That’s a dicey proposition when, as here, I’m kind of inclined to agree that this particular use of the legal system wasn’t a very good one, but I want to resist getting sucked into a dreary dialogue about whether the doors to our courthouses ought to be closed based on an impossibly ill-defined standard, poorly articulated by someone who is already both a bit tipsy and lacking either experience with, or perspective about, the legal system he criticizes. But knowing this will likely soon enter the realm of urban myth, needs must I arm myself with both knowledge of what actually happened, and a pithy response to the near-inevitable challenge.

So here’s what actually happened.

The defendants responded to Mr. Cherm’s suit with a motion to dismiss this case under California Code of Civil Procedure section 425.16 to have the lawsuit thrown out of court at an early date, and require the plaintiff to pay the defendant’s attorney’s fees and court costs for the privilege of having sued the defendant and lost. In order to make such a motion, the defendants prove that the activity purportedly giving rise to liability as alleged in the complaint is conduct of public interest protected by the First Amendment right of free speech or the California Constitution’s equivalent of it. If the defendants can do that, the burden falls upon the plaintiff to produce admissible evidence that he is likely to win the lawsuit on its merits, notwithstanding the defendants’ invocation of their free speech rights.

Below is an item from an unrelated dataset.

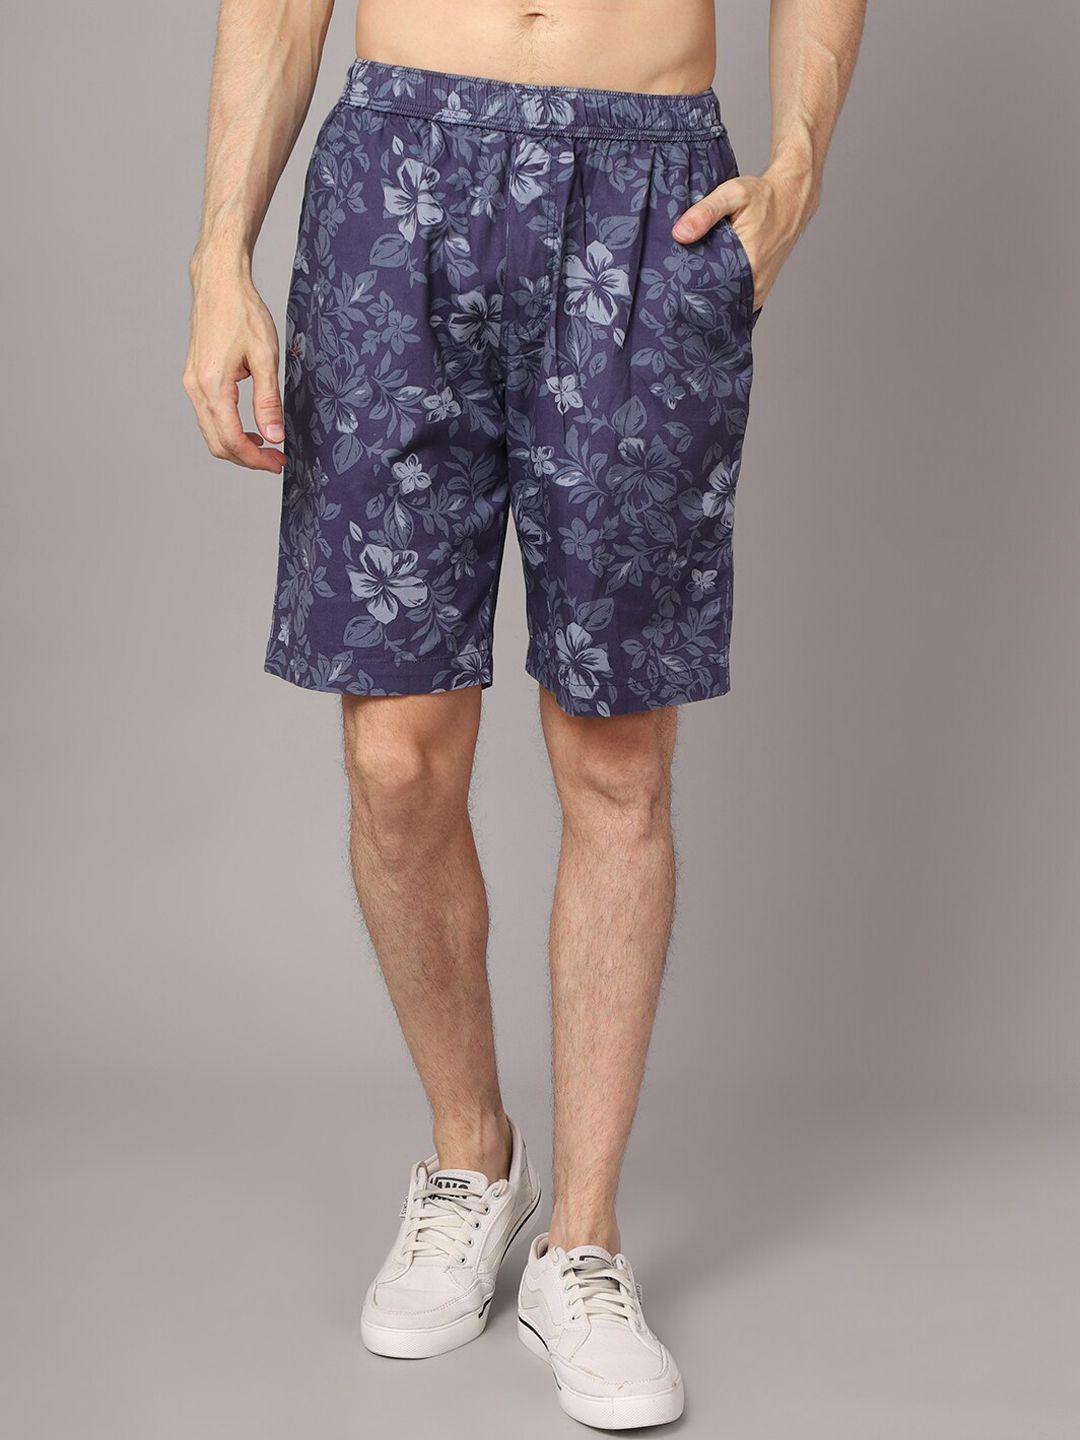 cantabil-men-navy-blue-floral-printed-shorts

This law has come in to play in many prominent California cases, most famously one involving a photograph of a well-known entertainer’s lovely home. Surprisingly, the statute is not well-known by a lot of the attorneys I come across, and consequently I have had the pleasure of availing my clients of it on multiple occasions throughout my career. And when I say “pleasure,” I mean that exact word: filing and winning one of these motions is one of the thrills that attracted me to the legal profession in the first place lo these many years ago. I get to vindicate an important basic right of all citizens. I get to research and apply interesting law. And, I get to pass along my fees to the other guy who was foolish enough to walk right in to a trap. It’s fun.

I’ve never had to oppose such a motion. I think the motion was probably appropriately granted in Mr. Cherms’ case. But I do think that it’s perhaps a closer case than the plaintiff — who was not a lawyer and who filed the lawsuit on his own without the assistance of counsel — could have made it.

Let there be no doubt that the authors and publishers of video games are acting within the ambit of First Amendment protections. That their works of art are often not particularly highbrow, and that they are made for profit, are matters completely irrelevant to this analysis. What I wonder about, though, is whether the grounds cited for use of this special motion by the defendant were well-taken:

Specifically, defendants insist that developing, publishing and selling videogames are acts “in furtherance of” their First Amendment free speech rights and further that the availability of videogames is an issue of “public interest,” both of which fall within the scope of protections afforded by §425.16.

 

The plaintiff chose not to contest these assertions, so the Court appropriately treated that matter as settled for purposes of considering the motion.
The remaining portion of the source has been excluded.